[Collected data]

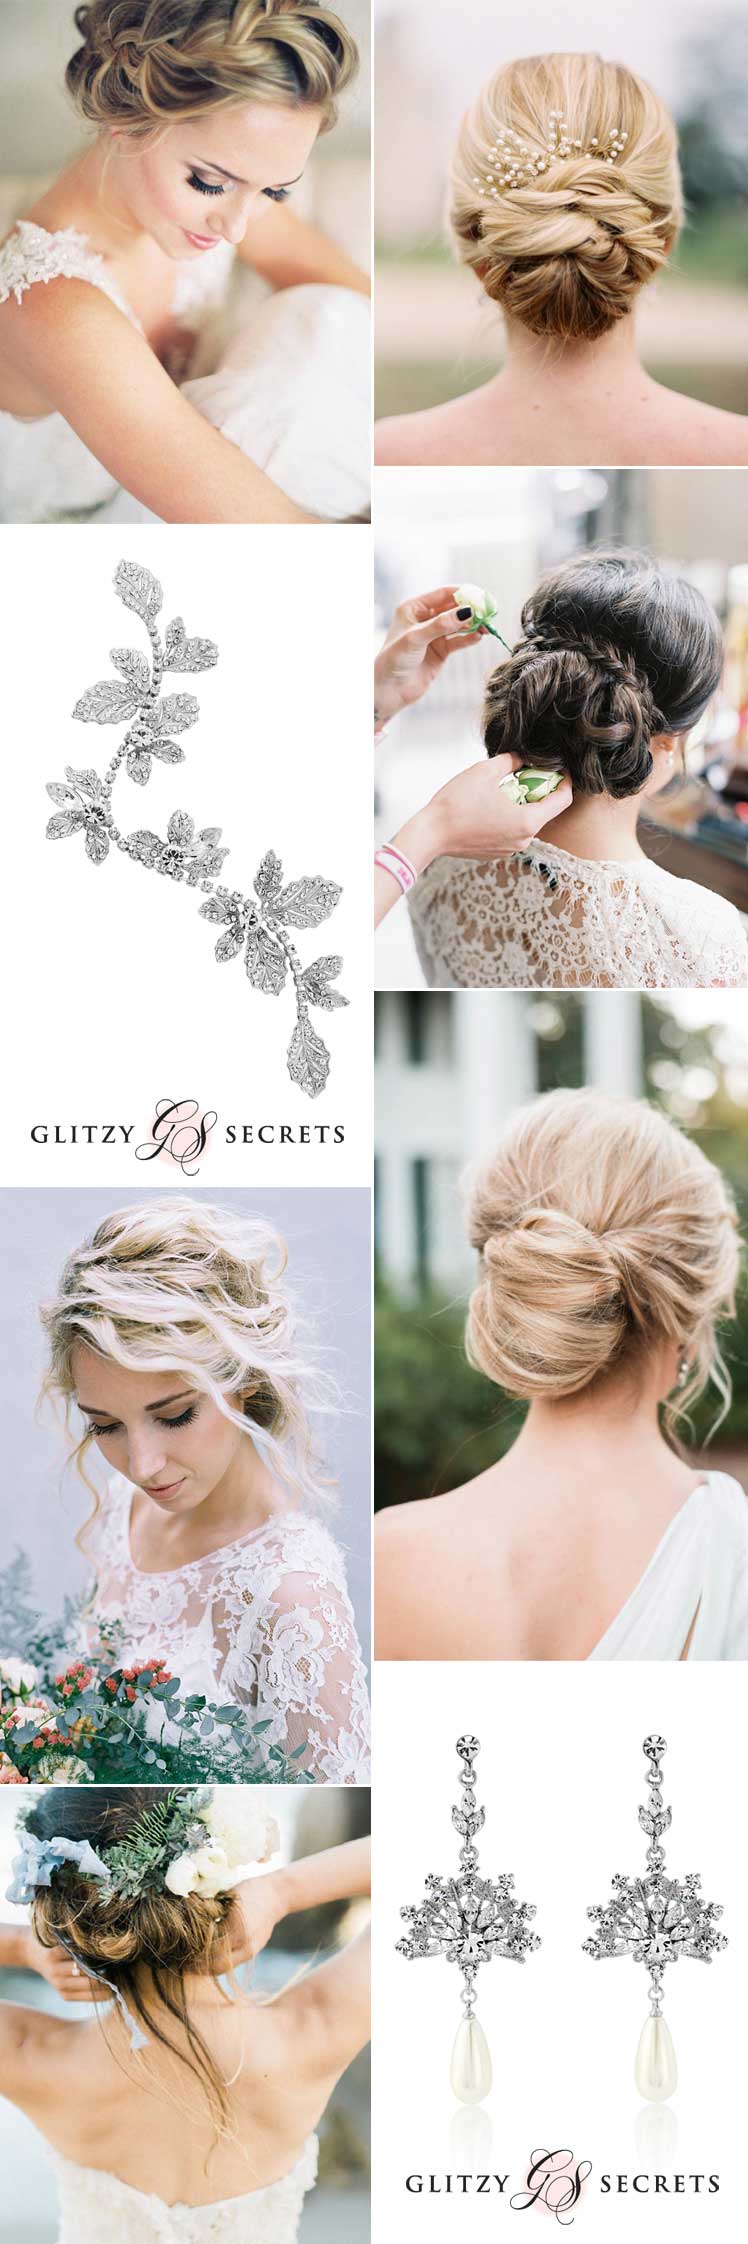 Flattering up-do bridal hairstyle ideas
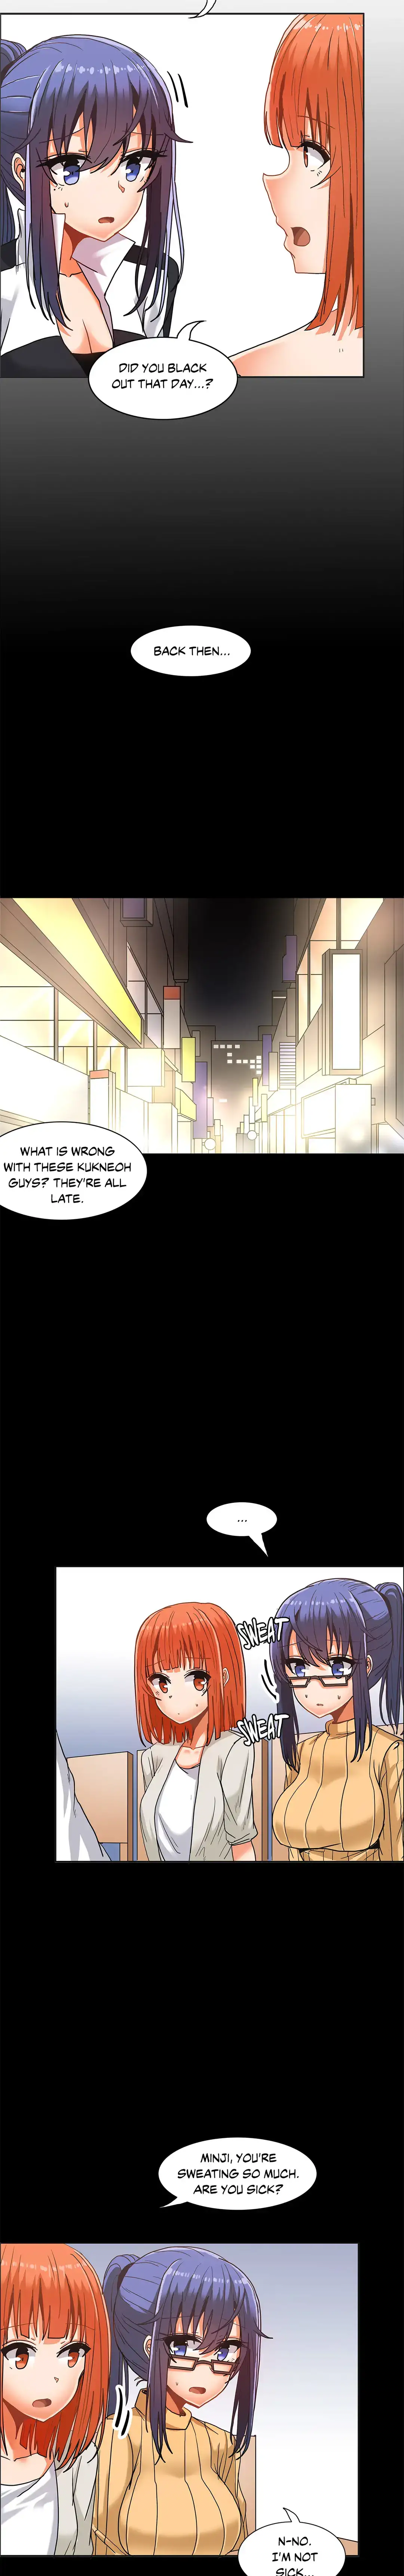 The Girl That Wet the Wall - Chapter 20 Page 5
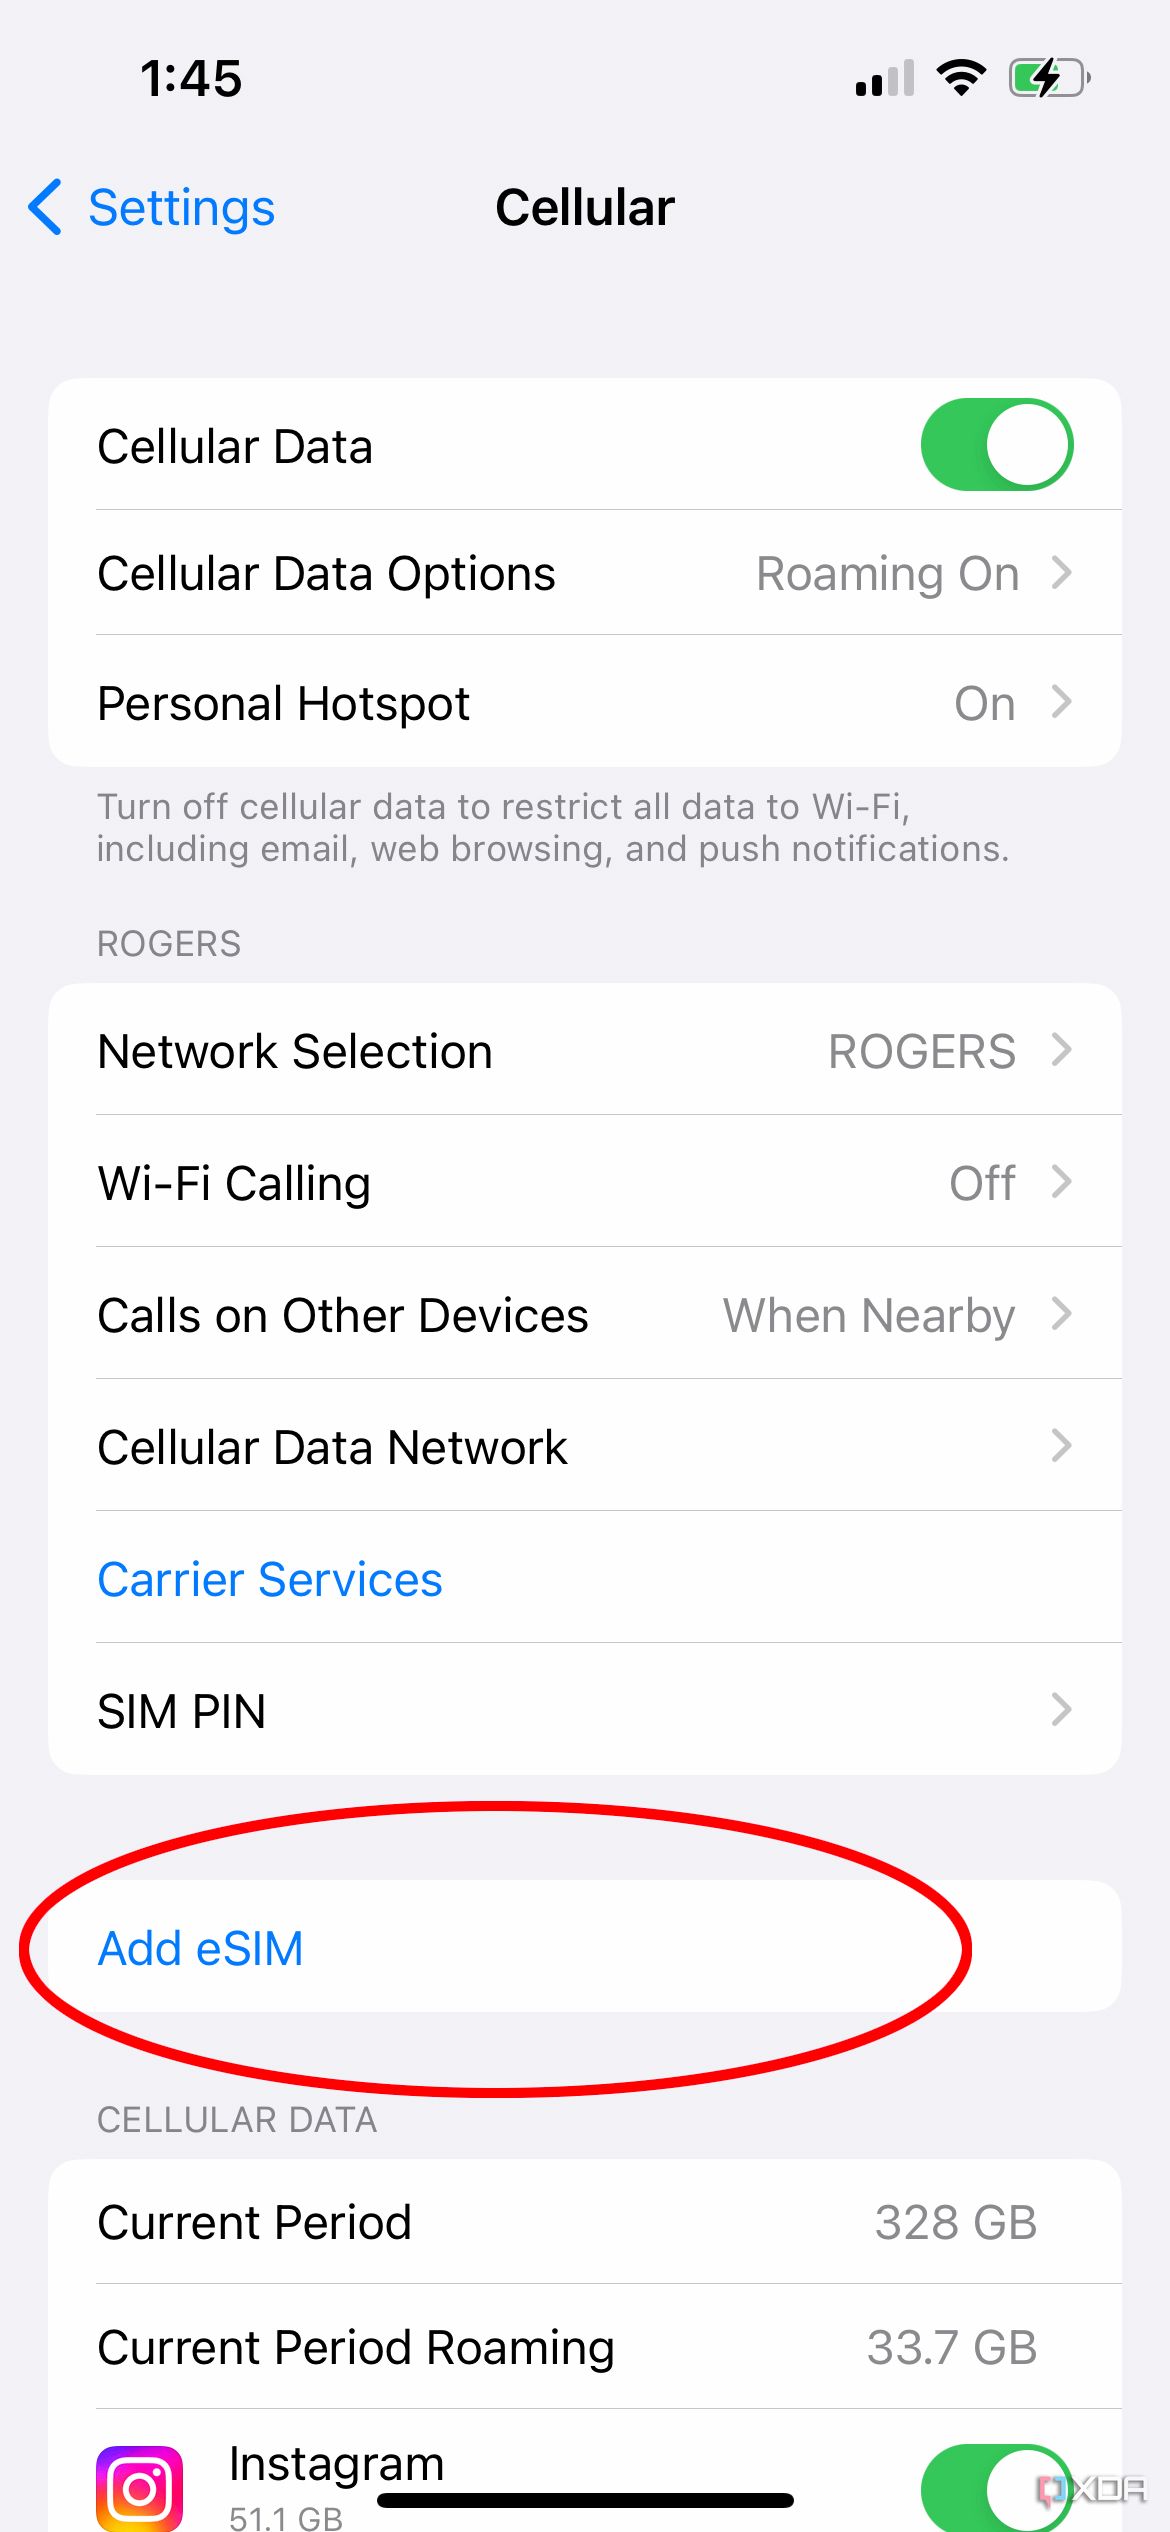 iPhone Cellular settings menu with Add eSIM highlighted

[/Collected data]

Activity: Leaving every image behind, repeat the data in full and exactly.

Exercise result:
 Flattering up-do bridal hairstyle ideas
 The Girl That Wet the Wall - Chapter 20 Page 5
 iPhone Cellular settings menu with Add eSIM highlighted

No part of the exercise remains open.